# Santiago Jorge, congrats!!



## Venezuelan_sweetie

*Hey, buddy! Congratulations for your first thousand posts!*​ 
*Thanks for all the help --and all the fun with the additional remarks, Mr. USA.*​ 
*Por otros mil... *​


----------



## Santiago Jorge

You noticed I had hit my 1000 mark? Thank you for your graciousness!


----------



## frida-nc

Good work--I like your posts, short and on the mark.
Look forward to meeting you in the Forums.
Regards,
Frida.


----------



## Antpax

Muchas Felicidades Santi. Gran forero que siempre está ahí y con el que da gusto coincidir por los hilos.

Saludos.

Ant.


----------



## Santiago Jorge

¡Gracias Ant y frida!  Me da gusto ser forero con gente tanto como ustedes.


----------



## DCPaco

¡Enhorabuena James George! 

Saludos,

Paco


----------



## Venezuelan_sweetie

DCPaco said:


> ¡Enhorabuena James George!
> 
> Saludos,
> 
> Paco


 
Hey, hey!  That's my own-and-very-personal way to call him!

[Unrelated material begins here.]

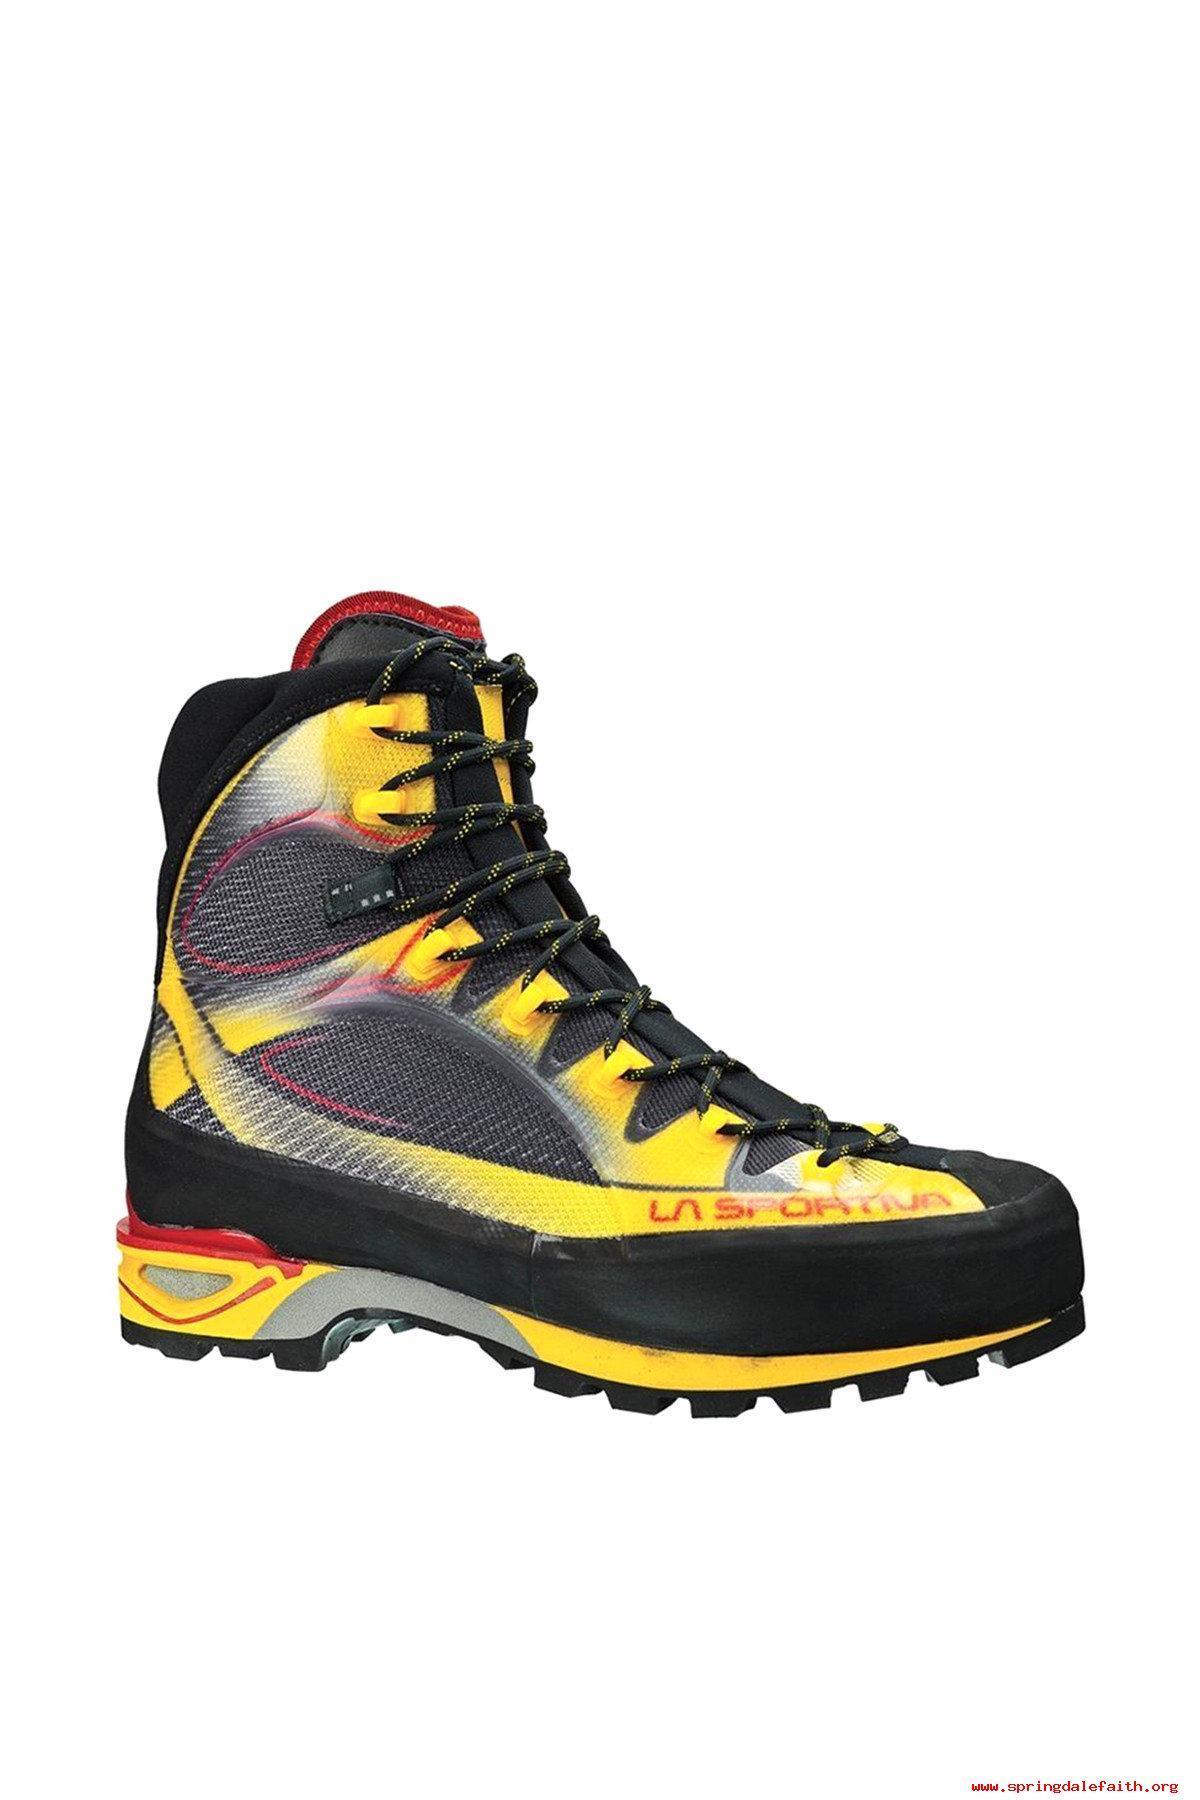 La Sportiva Trango Cube Gore Tex Yellow Black Ls11Jyb

No hagas que una mujer se enfade por el nick que le tiene a alguien!!

You wanna fight, huh?  You wanna fight?


----------



## DCPaco

Venezuelan_sweetie said:


> Hey, hey! That's my own-and-very-personal way to call him!
> 
> No hagas que una mujer se enfade por el nick que le tiene a alguien!!
> 
> You wanna fight, huh? You wanna fight?


 

Hahahaha!  You're too funny.


----------



## Venezuelan_sweetie

DCPaco said:


> Hahahaha! You're too funny.


 
Yeah, right... Ya won't think me funny when my fists are havin' a party on you... 

Bueno... si me oyeras diciendo esas bobadas así toda congestionada como ando (I have a mean, mean cold today), ahí sí que te me revientas de las carcajadas!


----------



## Santiago Jorge

Thanks Paco, and get well soon Miss Venezuela!


----------



## fenixpollo

*Happy Postiversary, Jorge! *


----------



## Santiago Jorge

Thank you, Fenixpollo!


----------